Les discours contradictoires, entre l’un voulant respecter les droits de l’hommes et l’autre une politique migratoire très stricte sont des entraves à ces droits.
A cela s’ajoute le fait que les personnes sans permis de séjour peuvent toujours être sanctionnées pour séjour illégal qui est considéré comme une infraction dite permanente.
2) Dans les écoles on fait des séances de coordination des cours de langue étrangères pour les nouveau.elles arrivant.es, on cherche à engager des personnes sans qu’aucun diplôme ne soit exigé.
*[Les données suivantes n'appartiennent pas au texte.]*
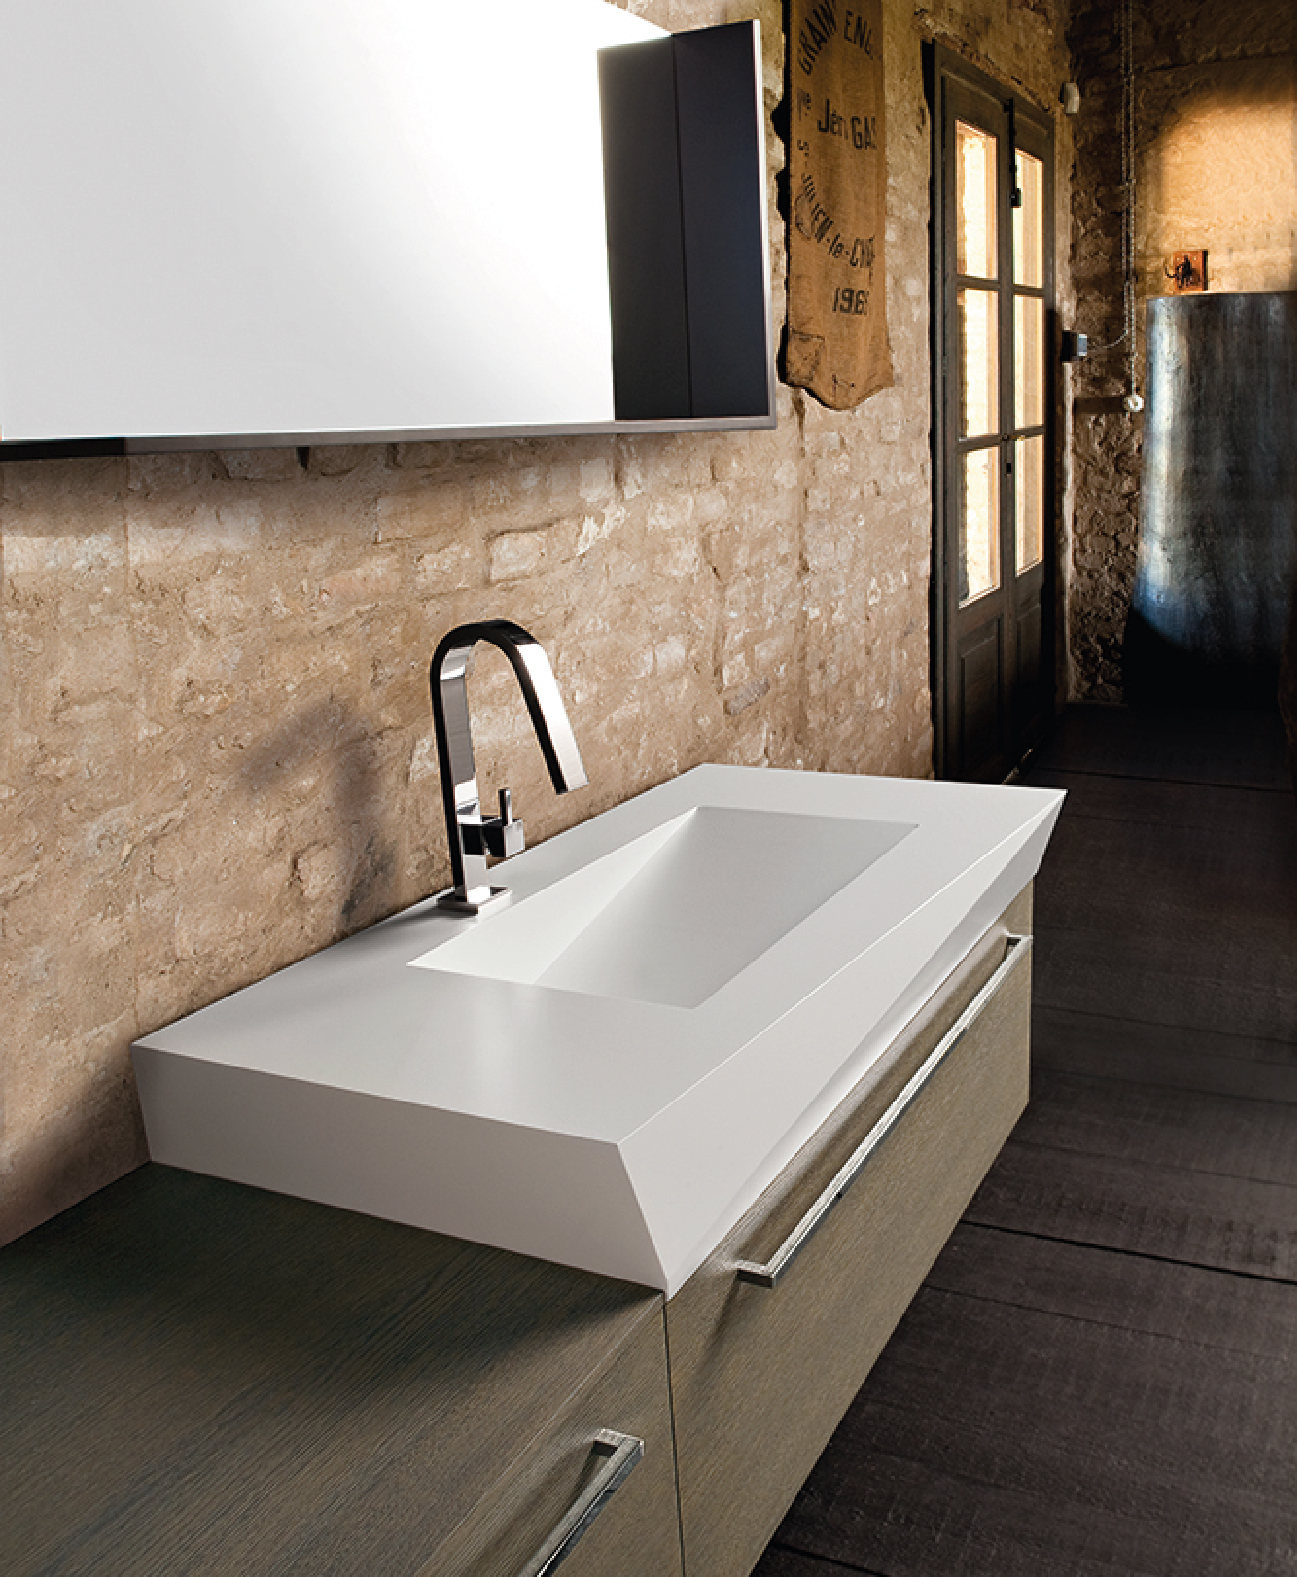 bathrooms-12.jpg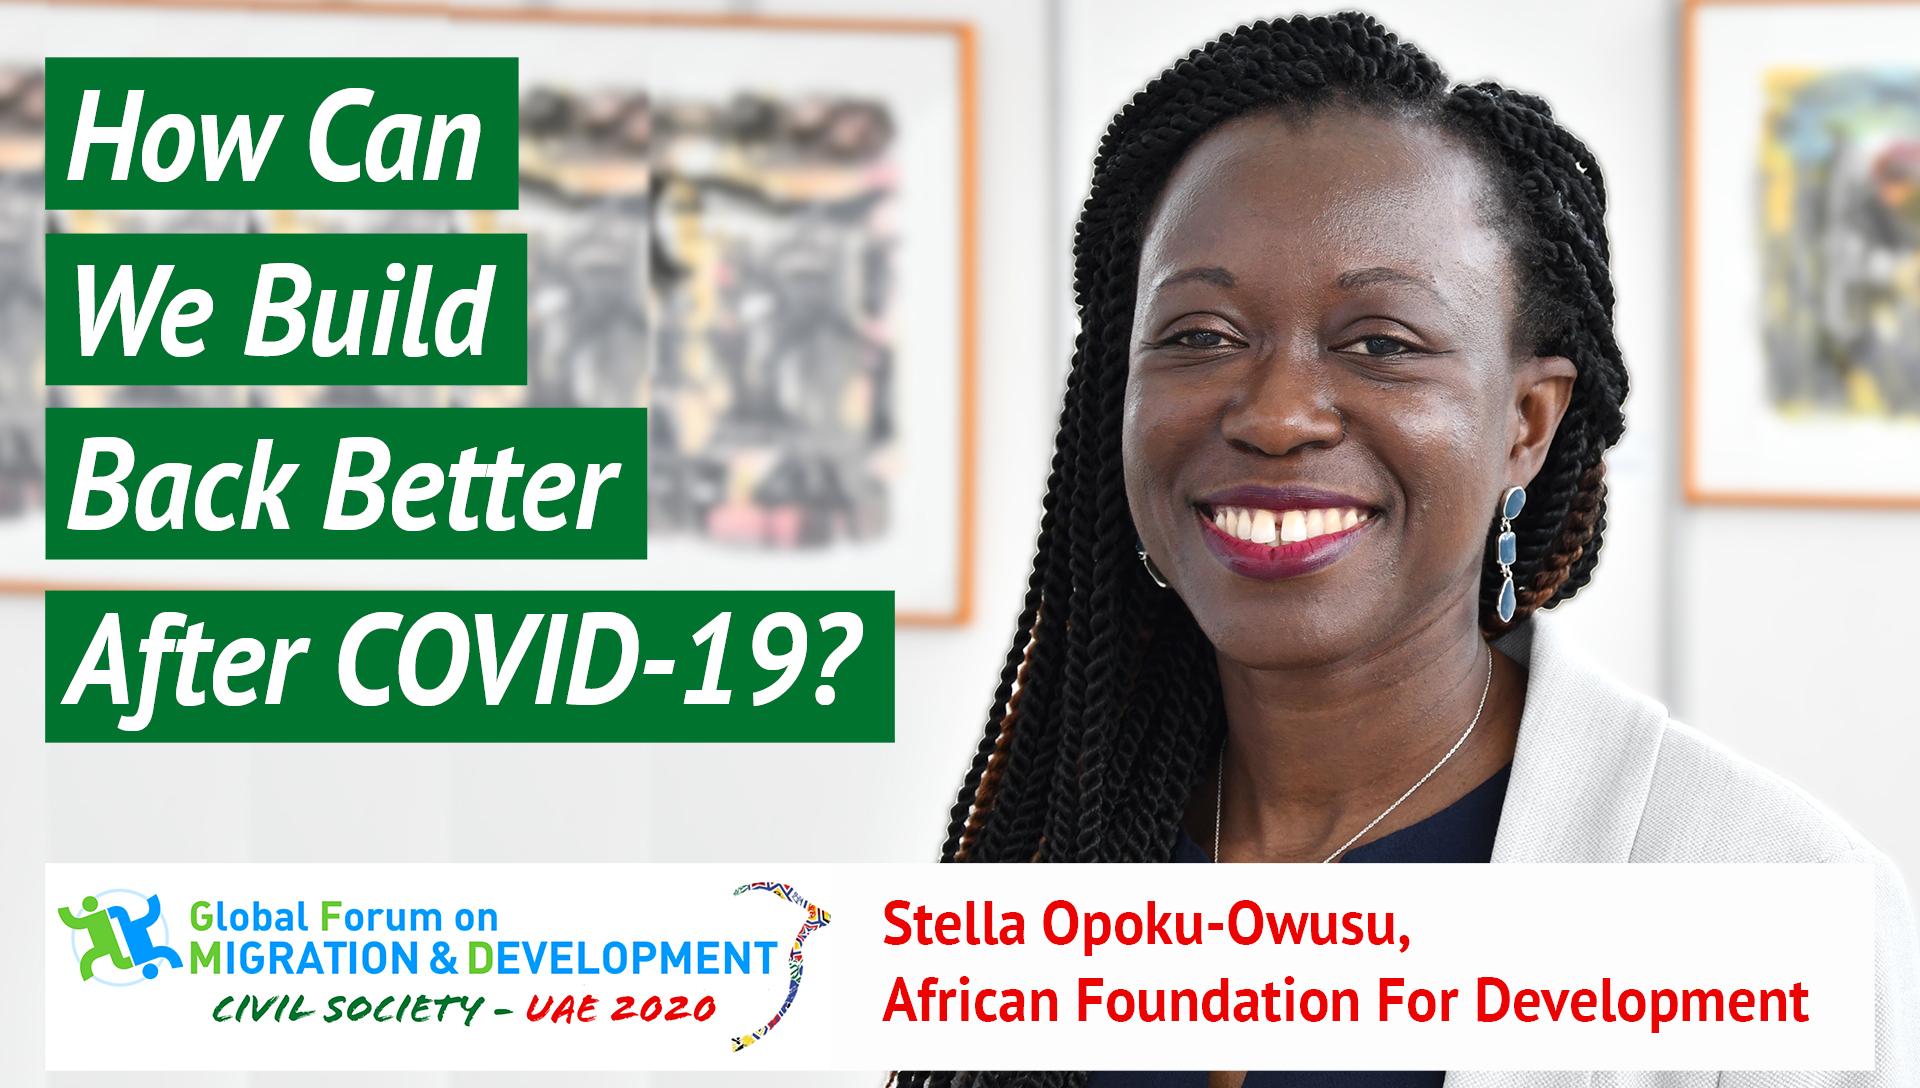 VIDEO-thumbnail-Stella-Opoku-Owusu-2020-

Parallèlement, les cours de DaZ ( Deutsch als Zweitsprache) réguliers sont annulés. Les enfants qui profitaient de ces cours n’ont plus que le choix d’attendre la prochaine année scolaire ou de suivre les cours avec les nouveaux arrivants ukrainiens, donc au niveau A1 de débutant.
La distance entre la Suisse et les autres pays décide-t-elle en fin de compte du destin de leurs populations ? Loin des yeux loin du cœur ?
Souvent, l’on suppose que des personnes venues d’ailleurs ont une façon différente de percevoir et de juger les choses – des autres valeurs donc.
Mais cette supposition est en fin de compte injustifiée et basée sur des stéréotypes racistes.
Si nos décisions en tant que société d’accueil sont fortement influencées par des stéréotypes, elles témoignent d’un racisme institutionnel qui dénie l’existence des valeurs universelles, telles que la paix, la justice ou l’égalité.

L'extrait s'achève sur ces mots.